UCB deal details:
UCB<UCBBt.BR>sees 1999 U.S. Zyrtec sales $575 mln
BRUSSELS, June 8 (Reuters) - Belgian drugs and chemicals company UCB expects U.S. sales of its anti-allergy drug Zyrtec to reach $575 million in 1999, after $412 million in 1998, Chief Executive Georges Jacobs told the annual meeting on Tuesday.
Jacobs previously had forecast 1999 U.S. sales of Zyrtec at $550 million.
UCB receives royalties of 12 percent on the U.S. sales of Zyrtec from its U.S. marketing partner, Pfizer <PFE.N>, as well as receiving a payment equal to 25 percent of the sales to reimburse its costs of marketing Zyrtec in the United States, Jacobs said.
Although UCB's actual marketing costs must be covered out of the reimbursement from Pfizer, UCB realises a profit on that payment, Jacobs told reporters following the annual meeting.

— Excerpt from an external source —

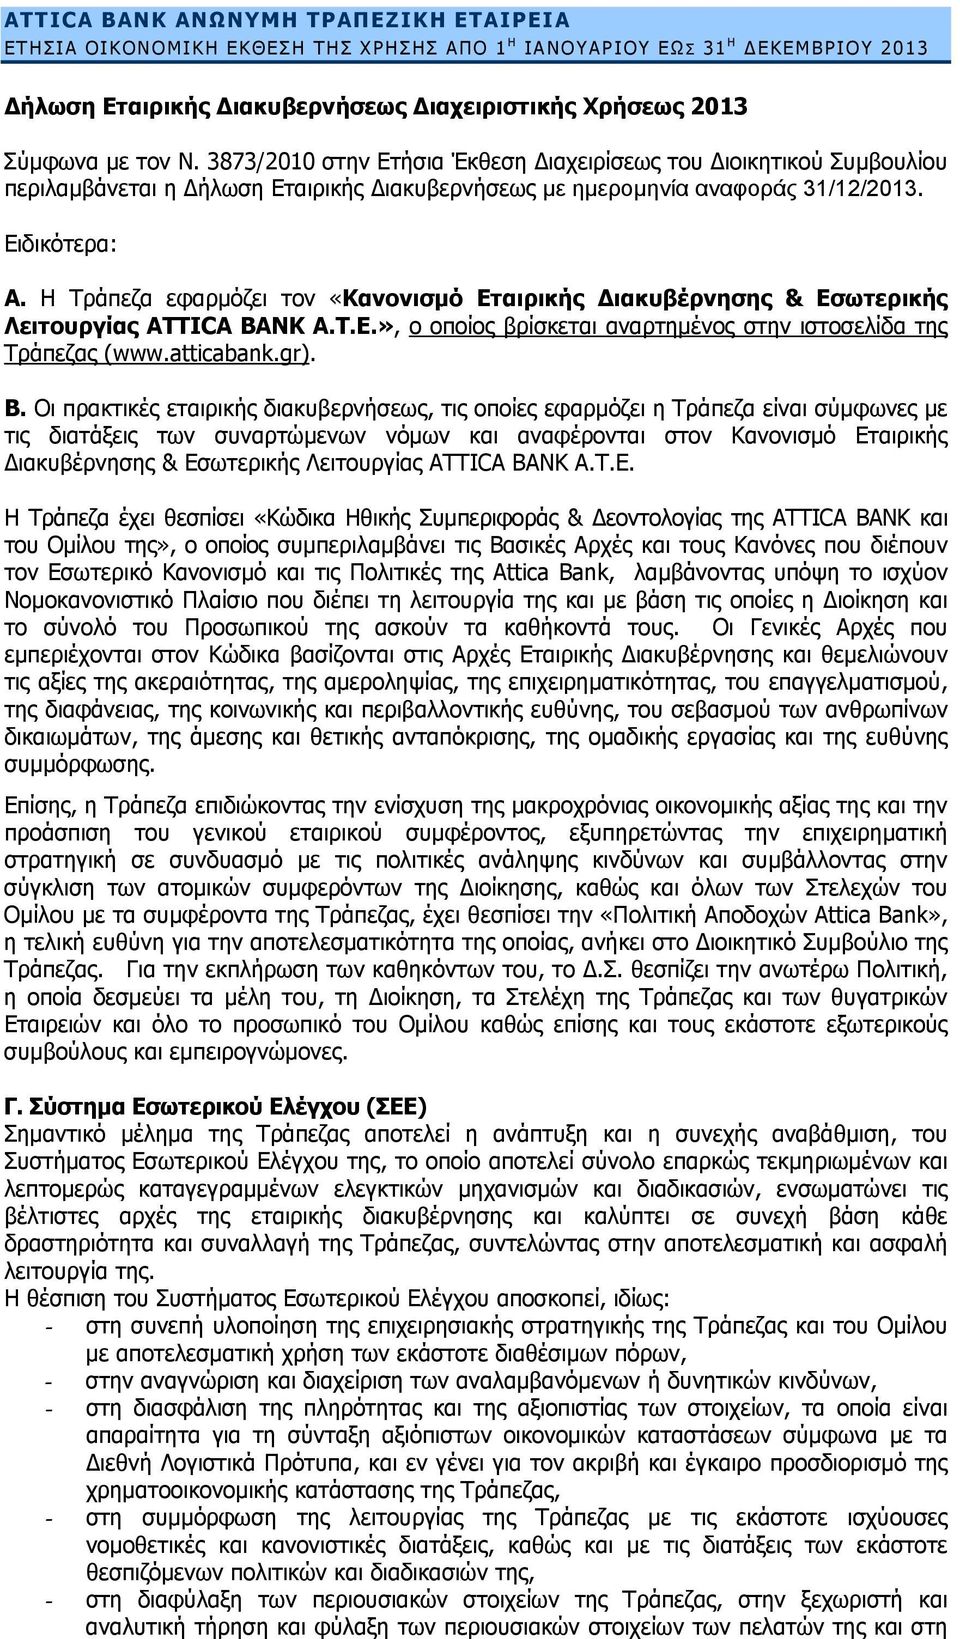 Η Τράπεζα εφαρμόζει τον «Κανονισμό Εταιρικής Διακυβέρνησης & Εσωτερικής Λειτουργίας ATTICA BANK A.T.E.», ο οποίος βρίσκεται αναρτημένος στην ιστοσελίδα της Τράπεζας (www.atticabank.gr). Β.

Although Zyrtec will begin to come off patent protection in Europe in 2002, Jacobs said UCB's position is strong as a result of a licence agreement signed in June with U.S.-based Sepracor <SEPR.O> giving UCB patent protection until 2013 on a new allergy drug.
UCB will pay Sepracor royalties five percent on sales of the drug, levocetirizne, which is part of the same family of drugs as Zyrtec. "That's peanuts," Jacobs said of the level of royalty payments UCB will make.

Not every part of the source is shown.